Data provided:
_ _ _ _
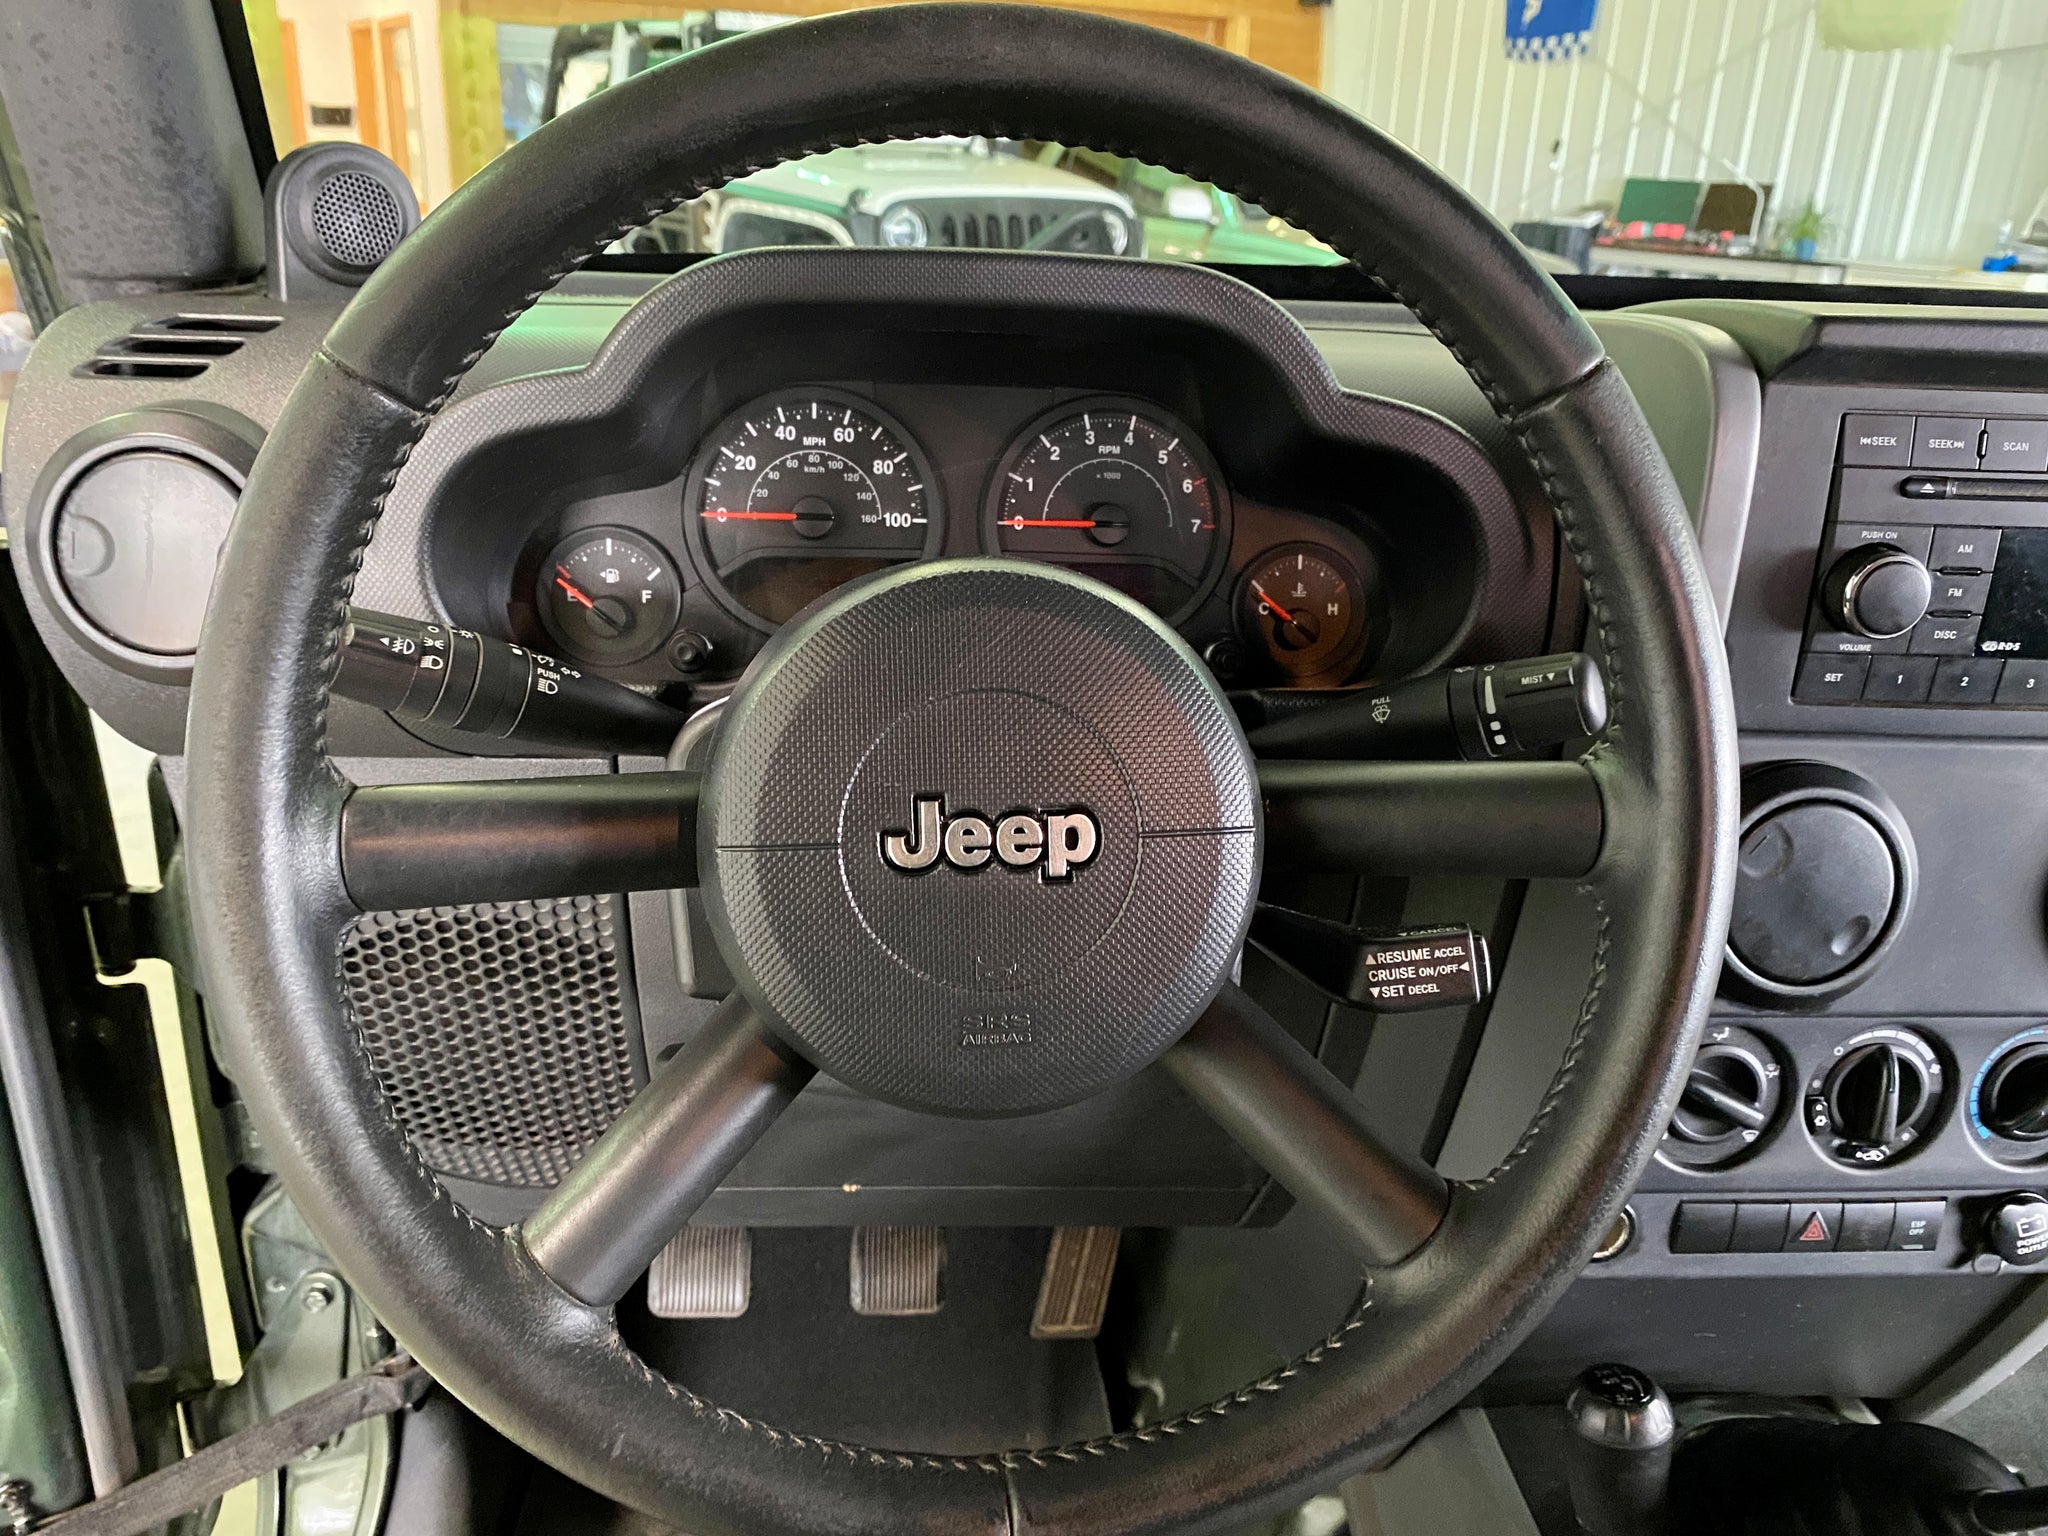 2007 Jeep Wrangler X 4WD Manual - ShiftedMN
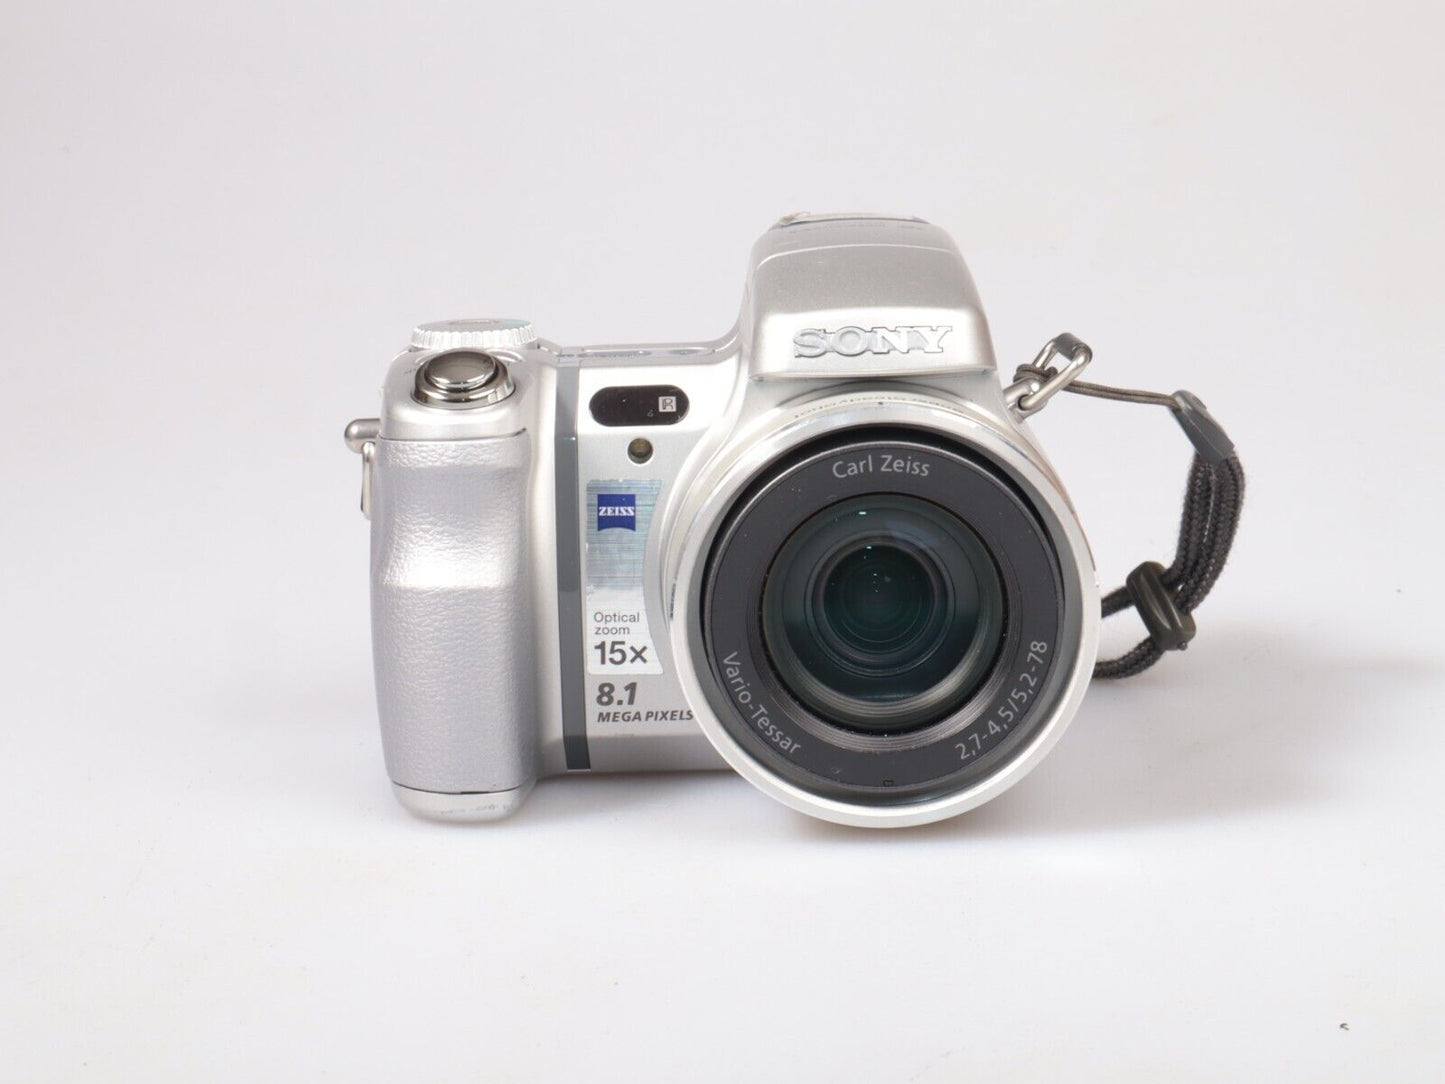 SONY CyberShot DSC-H9 | Digital Bridge Camera | 8.1 MP | Silver
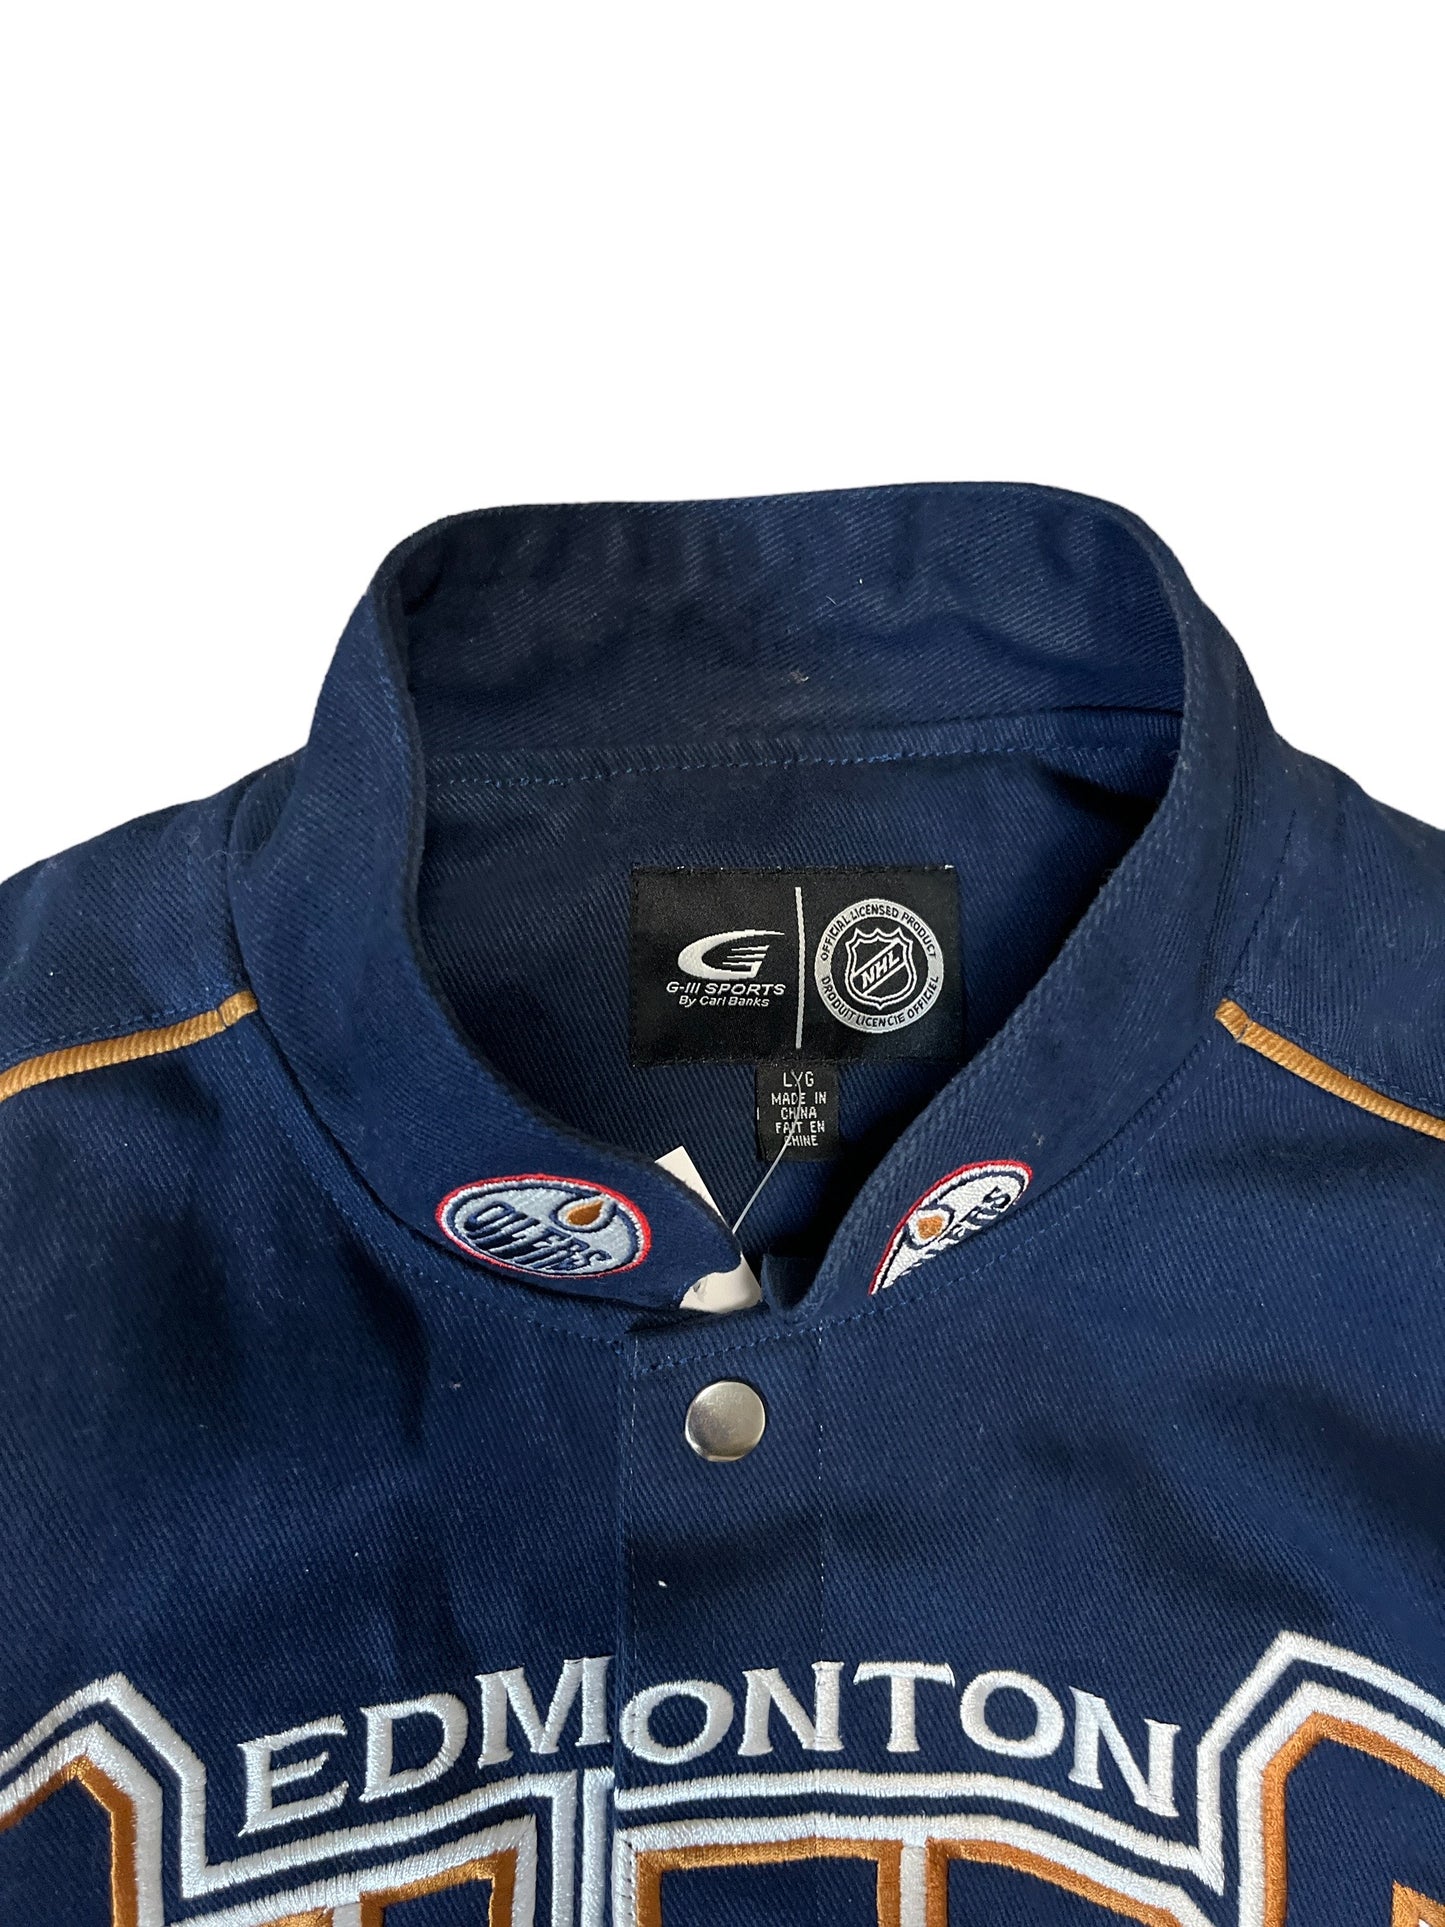 Super Rare NHL G-III Sports Edmonton Oilers Racing Jacket
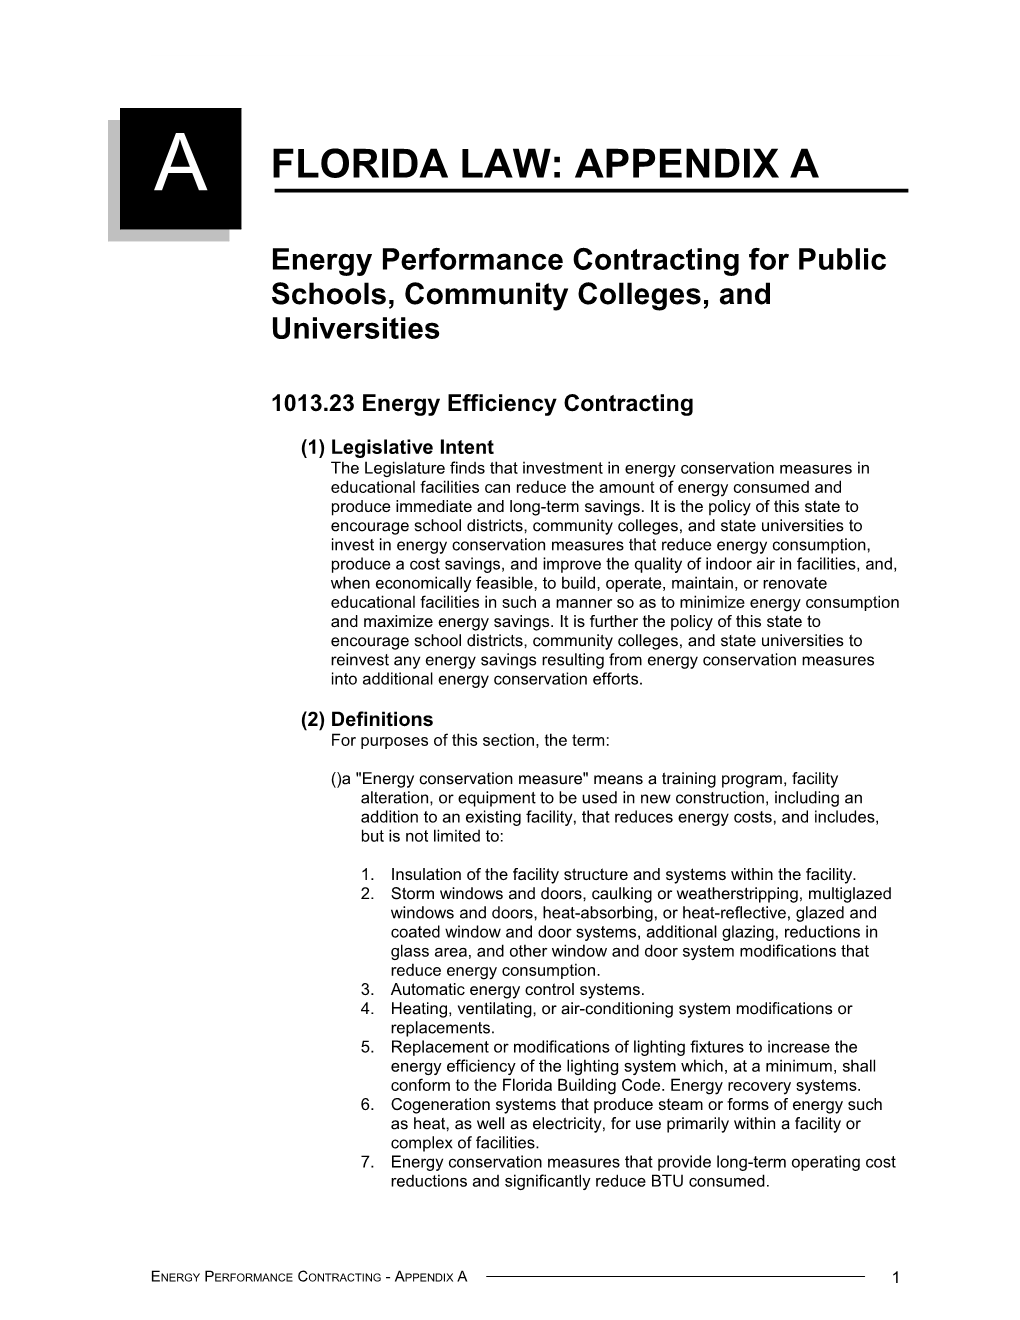 APPENDIX a Florida Statute 1013.23
_ _ _ _
Problem to solve:
Word for word, print all of the data; skip the pictures.

Result below:
 2007 Jeep Wrangler X 4WD Manual - ShiftedMN
 SONY CyberShot DSC-H9 | Digital Bridge Camera | 8.1 MP | Silver
 Super Rare NHL G-III Sports Edmonton Oilers Racing Jacket
 APPENDIX a Florida Statute 1013.23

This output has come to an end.